Matter of Rodriguez v Fischer
2011 NY Slip Op 00123 [80 AD3d 920]
January 13, 2011
Appellate Division, Third Department
Published by New York State Law Reporting Bureau pursuant to Judiciary Law § 431.
As corrected through Wednesday, March 9, 2011


In the Matter of Marcelo Rodriguez, Appellant,
v
Brian Fischer, as Commissioner of Correctional Services, et al., Respondents.

[*1] Marcelo Rodriguez, Albion, appellant pro se.

Eric T. Schneiderman, Attorney General, New York City (David Lawrence III of counsel), for respondents.

Appeal from a judgment of the Supreme Court (LaBuda, J.), entered January 20, 2010 in Sullivan County, which converted an application for a writ of habeas corpus, in a proceeding pursuant to CPLR article 70, into a proceeding pursuant to CPLR article 78 and dismissed the petition.

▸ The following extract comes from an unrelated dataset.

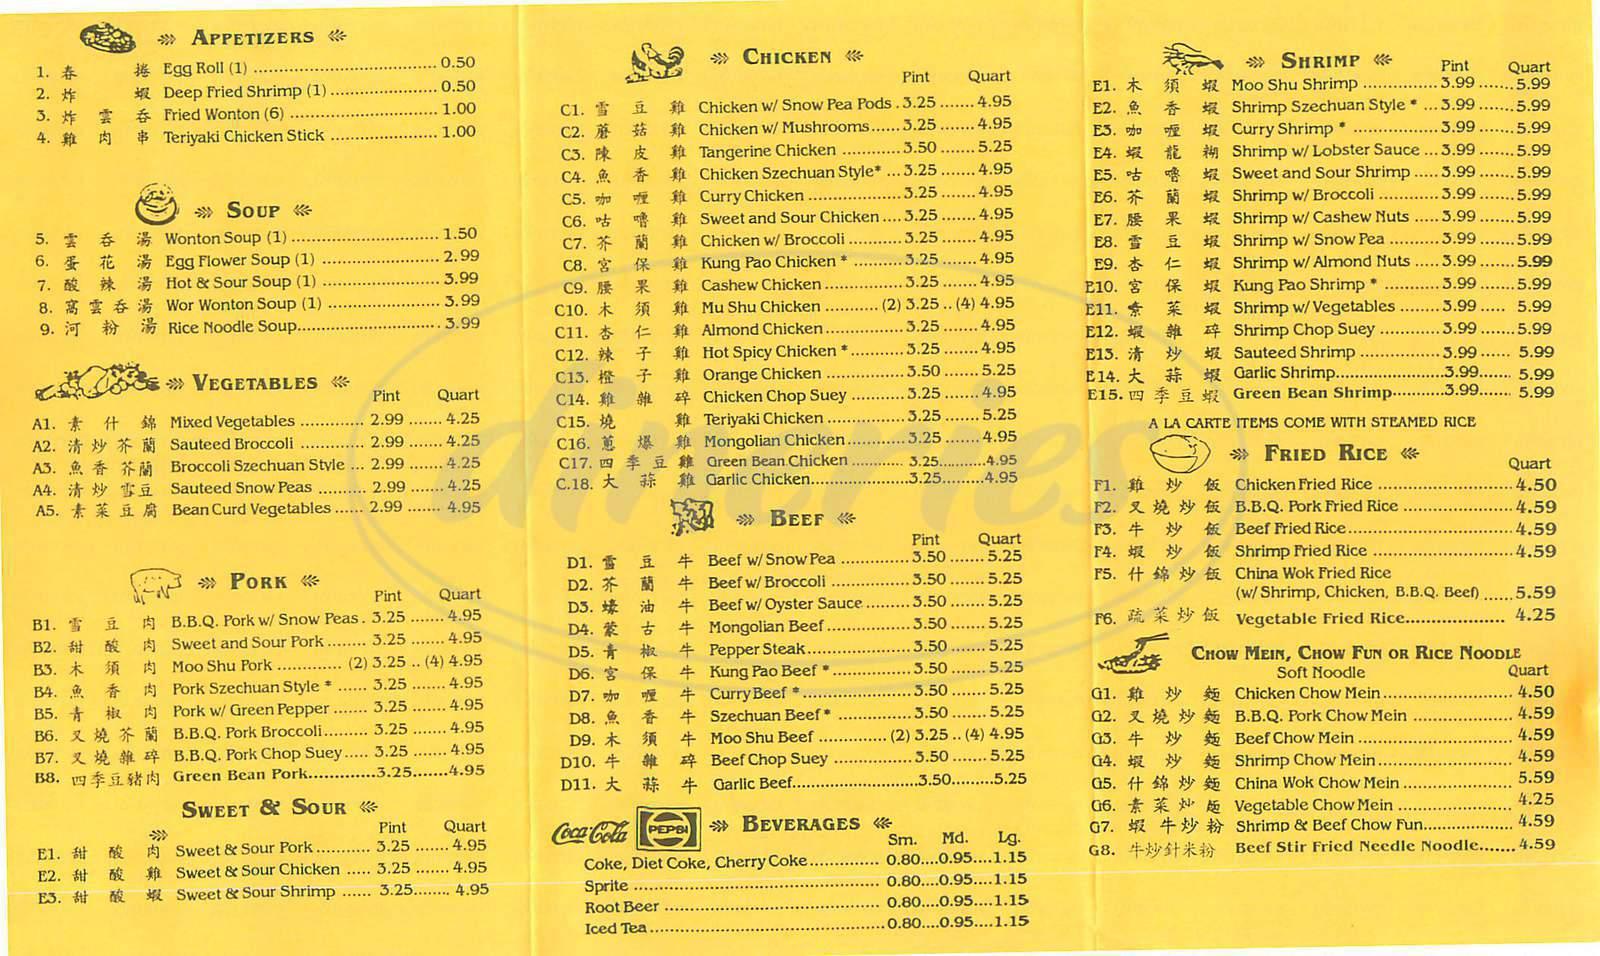 menu for China Wok

In 1976, petitioner was convicted of four counts of murder in the second degree as well as one count of robbery in the first degree and was sentenced to an aggregate prison term of 25 years to life. Following a tier III disciplinary hearing, petitioner was found guilty of violating certain prison disciplinary rules after he received mail at the correctional facility pertaining to two class action lawsuits. He brought an application for a writ of habeas corpus challenging the disciplinary determination. Supreme Court converted the application into a proceeding pursuant to CPLR article 78 and dismissed the petition for failure to exhaust administrative remedies. Petitioner appeals.

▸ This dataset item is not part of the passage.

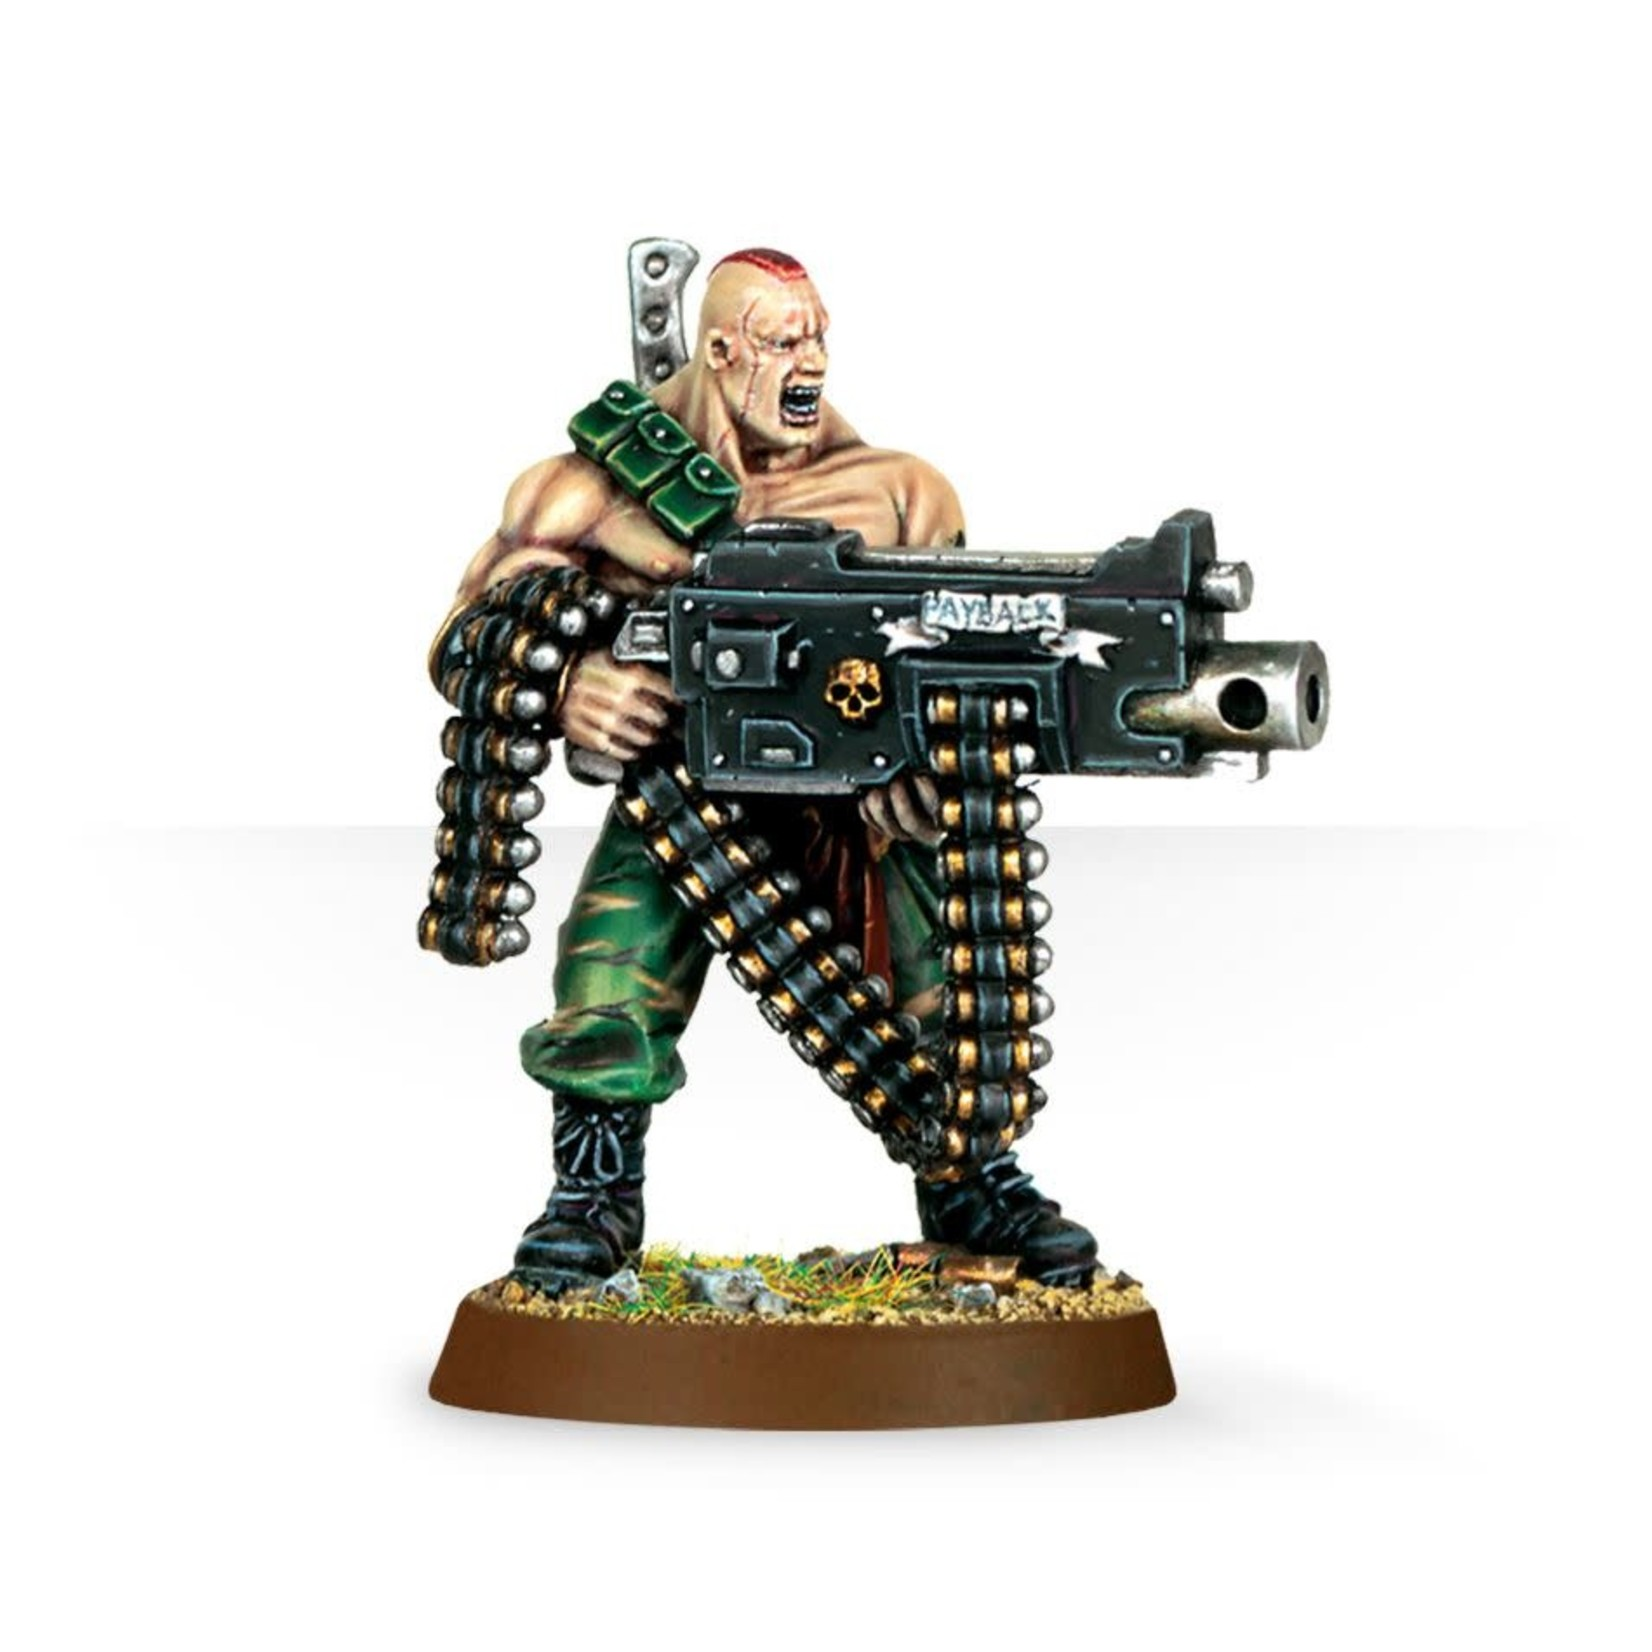 Games Workshop Gunnery Sergeant Harker

We affirm. The record discloses that petitioner brought the application for a writ of habeas corpus after the disciplinary determination was rendered, but before the administrative appeal of that determination had been completed. In fact, after petitioner filed his pro se petition for a writ of habeas corpus, a decision was made on the administrative appeal which reduced the penalty. Clearly, petitioner failed to fully exhaust his administrative remedies prior to bringing a [*2]legal proceeding to challenge the disciplinary determination (see Matter of West v McGinnis, 4 AD3d 654, 655 [2004]; Matter of Watkins v Annucci, 305 AD2d 889, 890 [2003]). Consequently, Supreme Court properly dismissed the petition. Petitioner's remaining contentions have been considered and are lacking in merit.

Peters, J.P., Rose, Malone Jr., Stein and Garry, JJ., concur. Ordered that the judgment is affirmed, without costs.